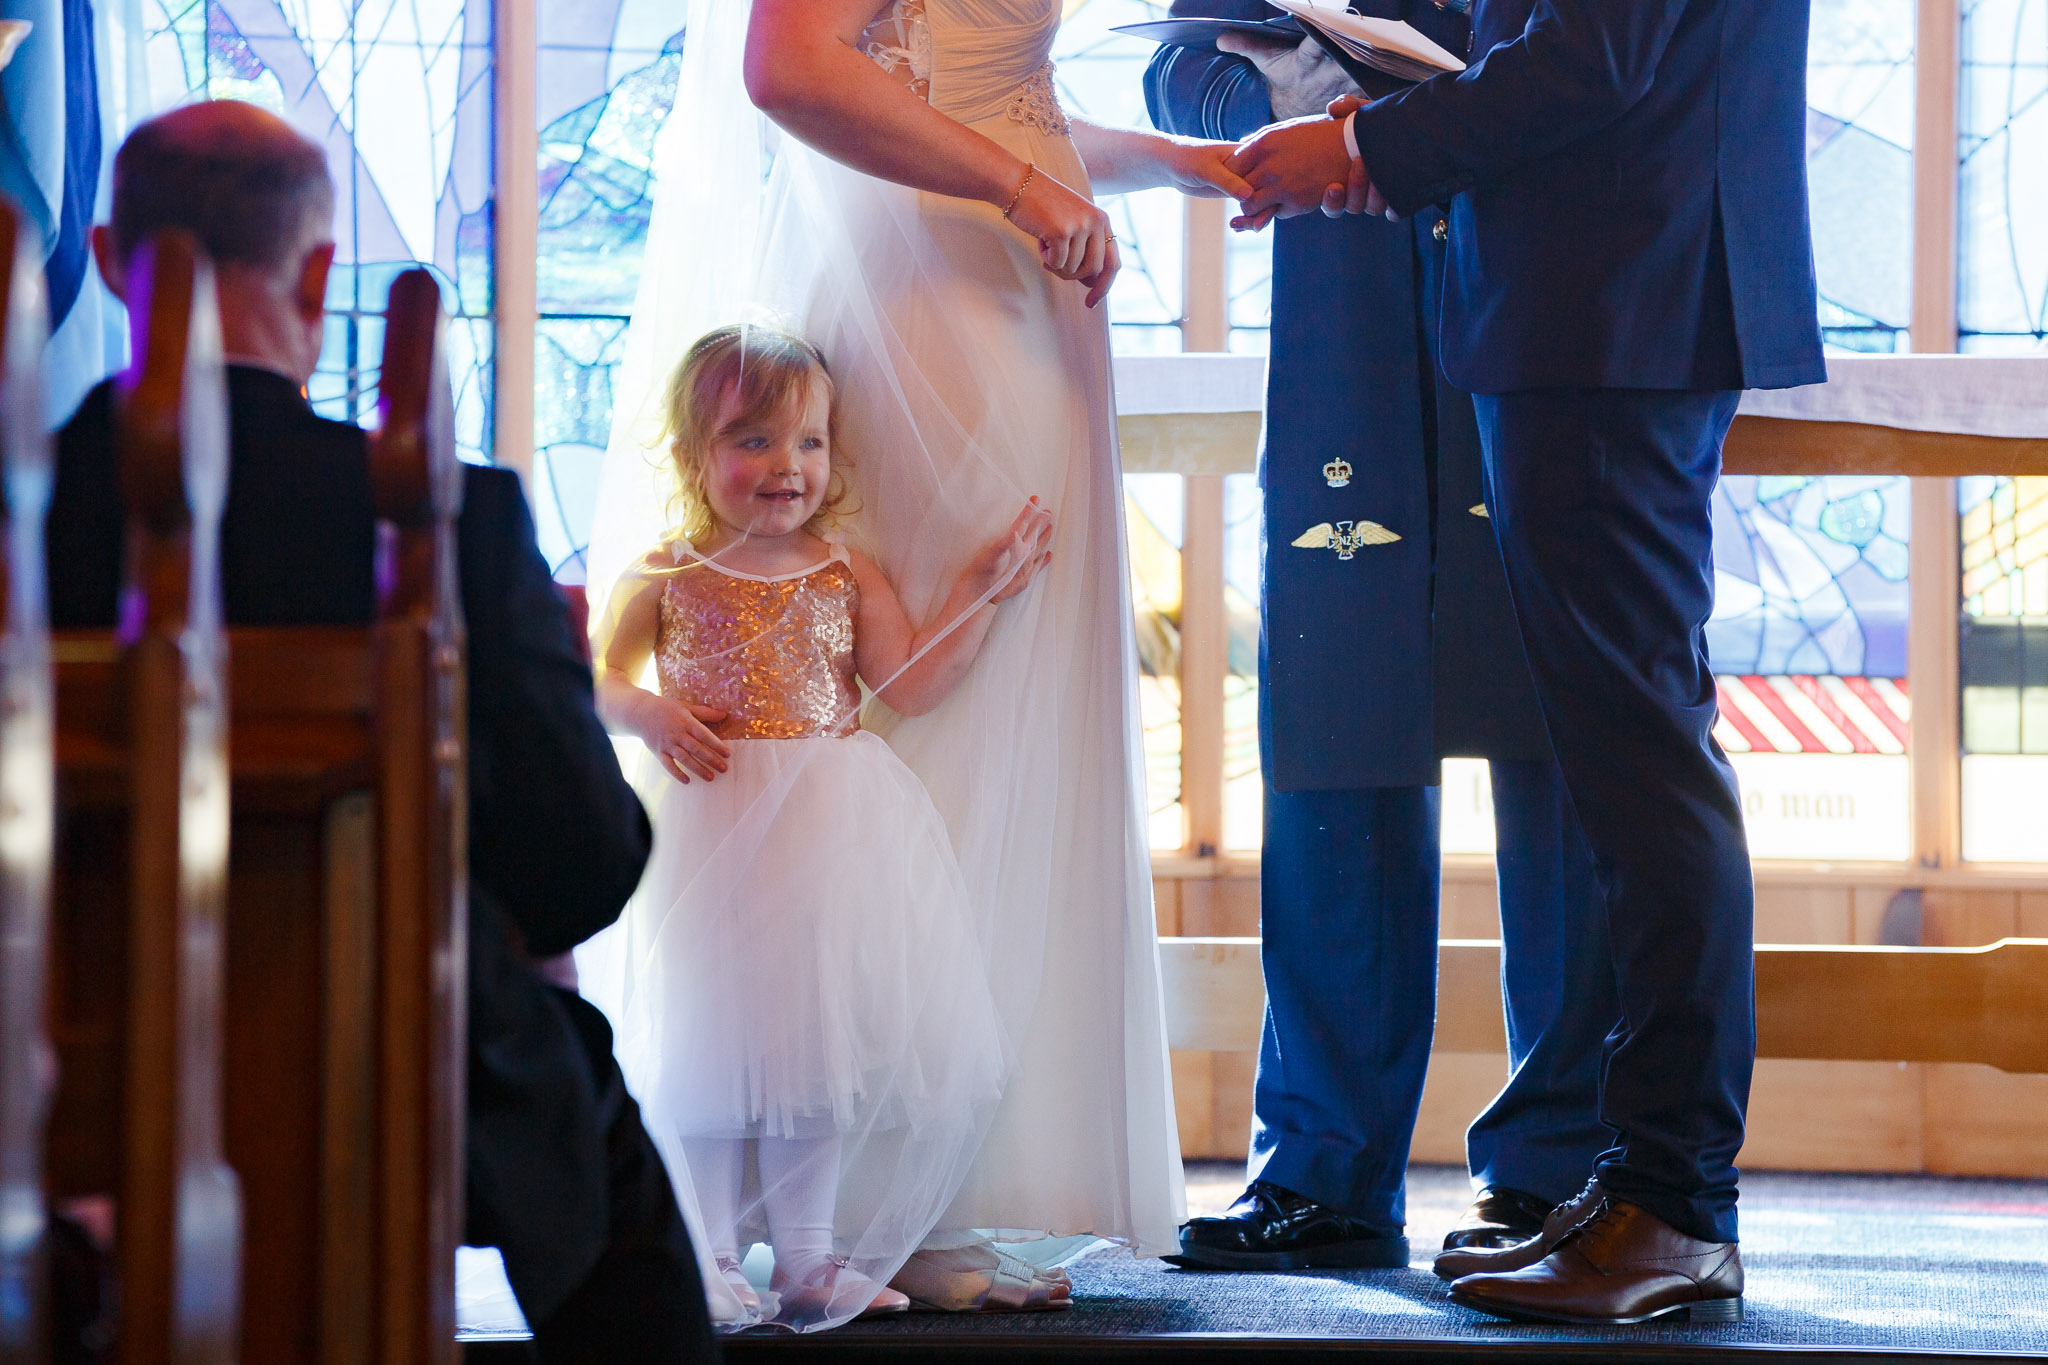 highlight_wedding_photography_manawatu_palmerston_north_new_zealand_rangitikei_golf_ohakea-21.jpg
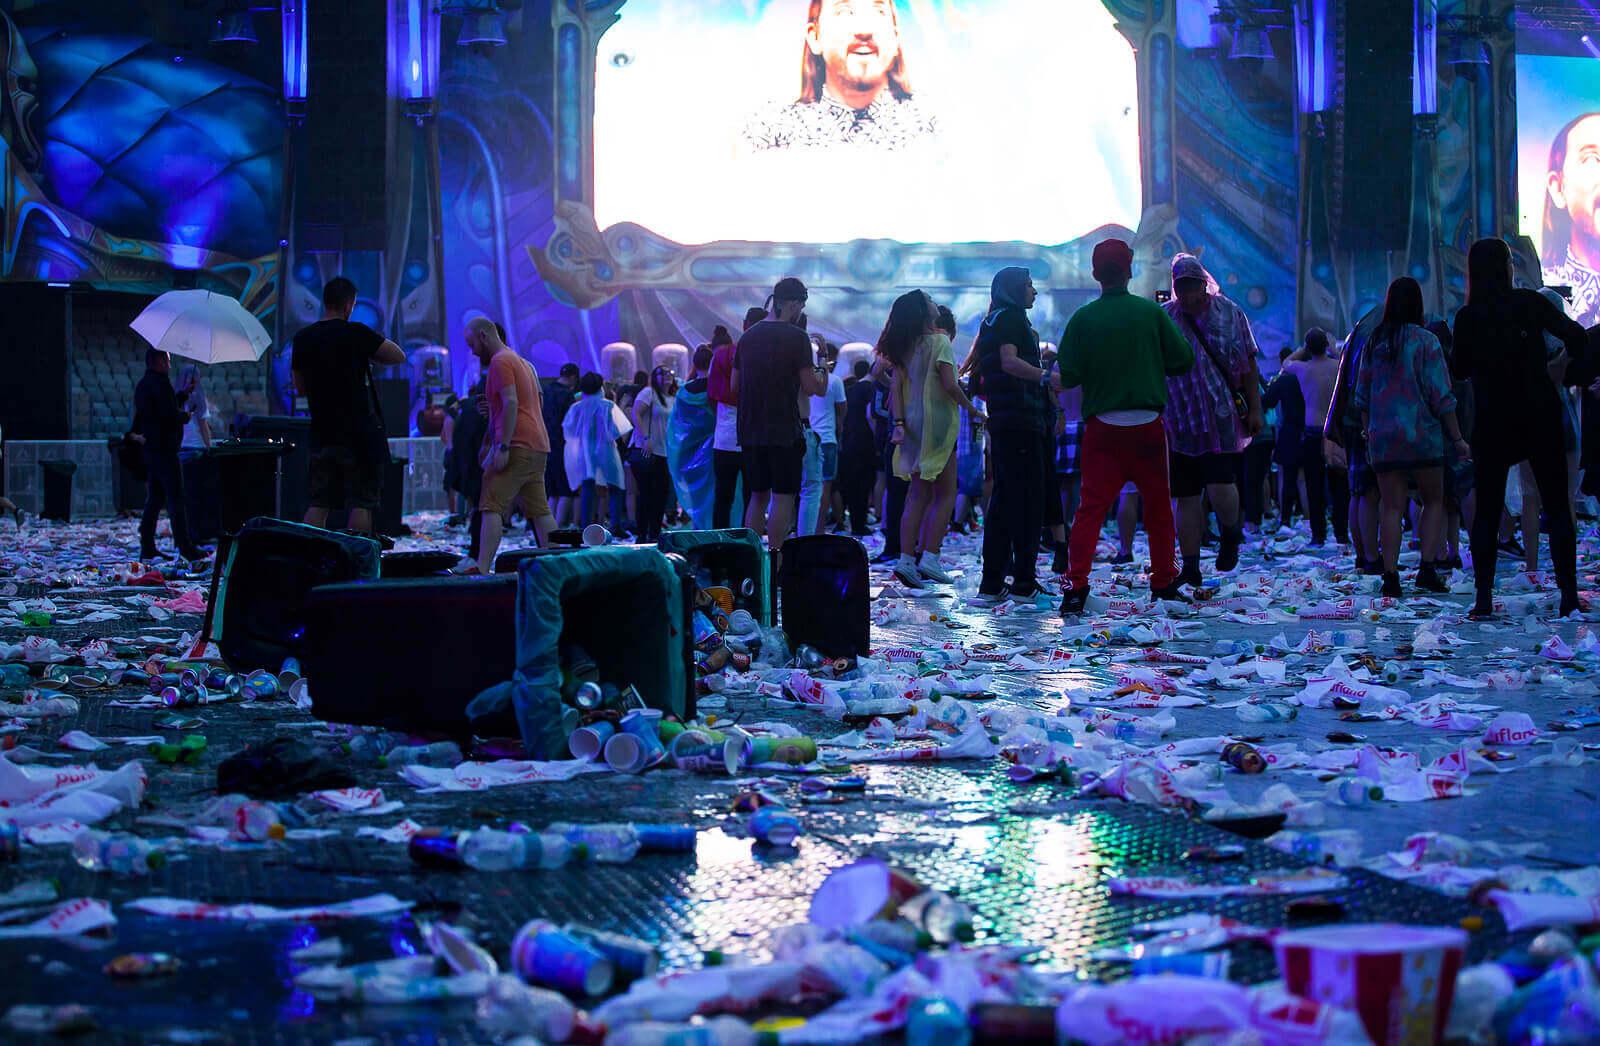 Waste on the floor at Untold Festival, Cluj-Napoca, Romania
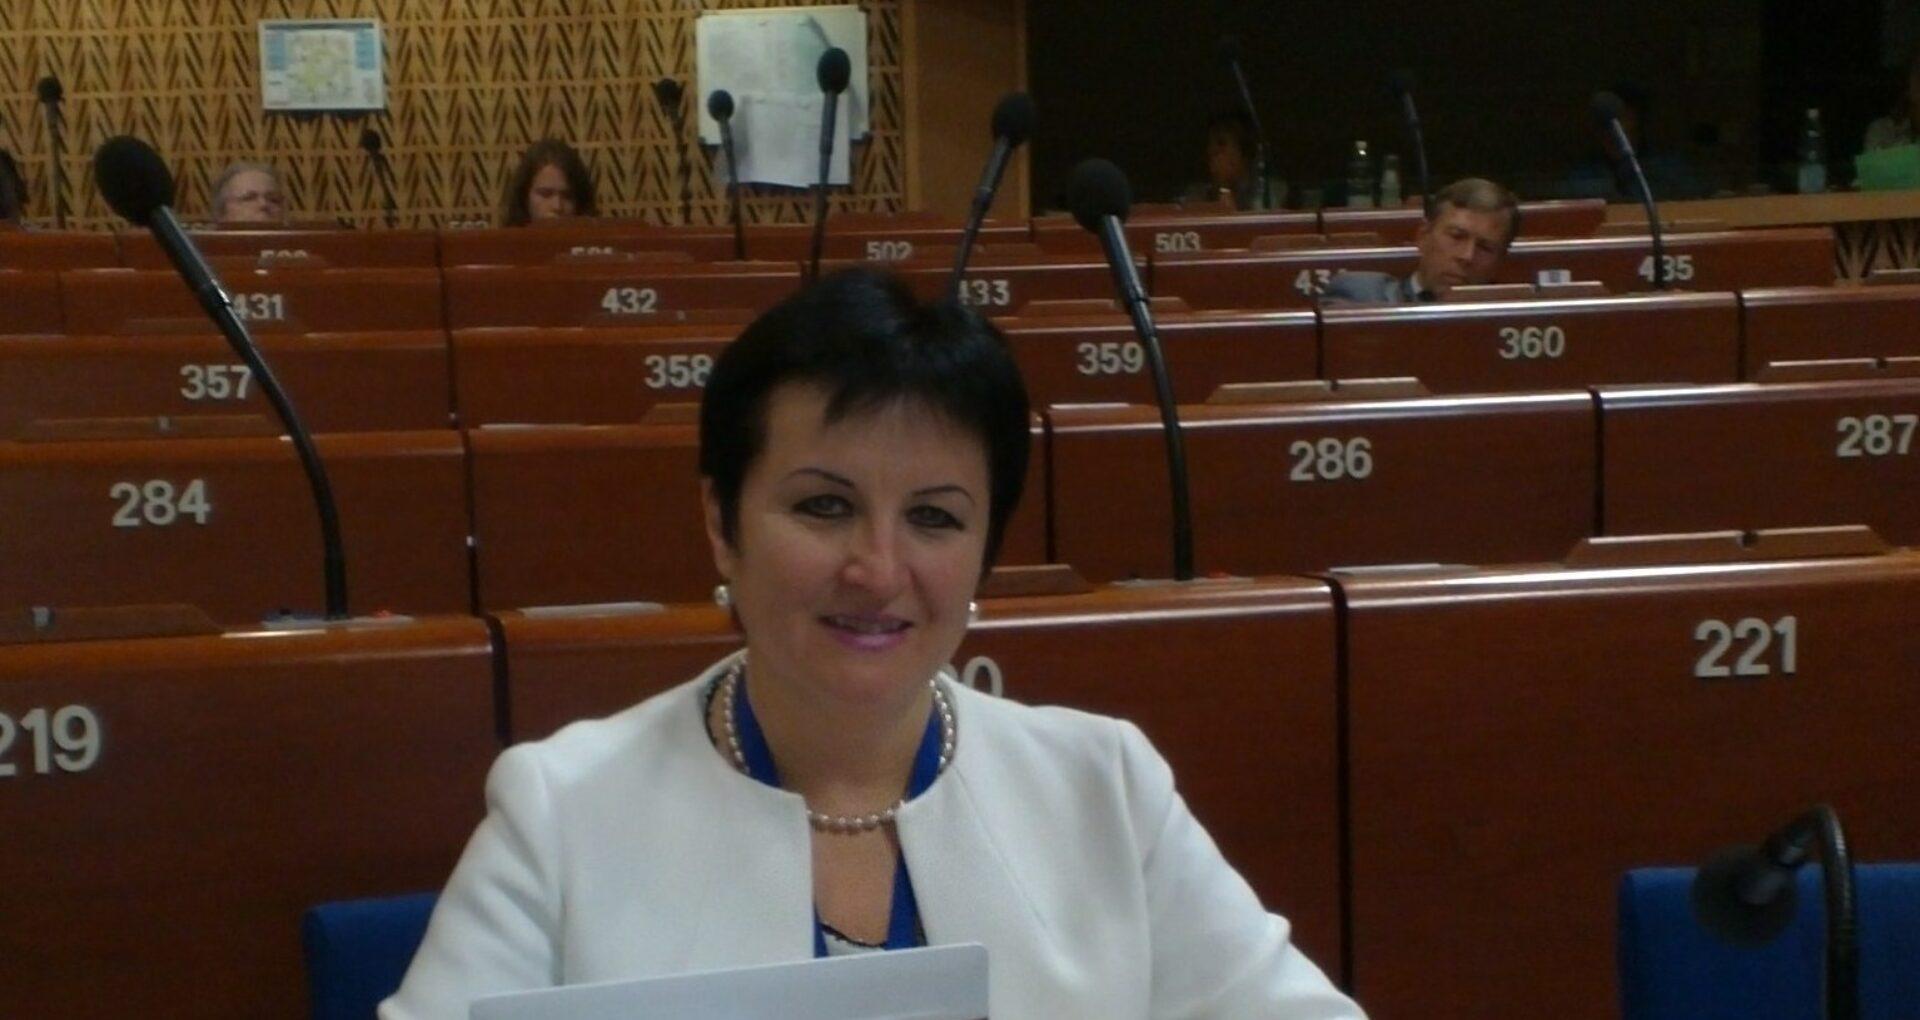 Azi la Chişinău este lansat un nou partid politic

______

Your instructions: Please repeat, exactly as written, only the lines from the line with "Waste on the" to the end of the data, leaving out every picture.

Response to the exercise:
 Waste on the floor at Untold Festival, Cluj-Napoca, Romania
 Azi la Chişinău este lansat un nou partid politic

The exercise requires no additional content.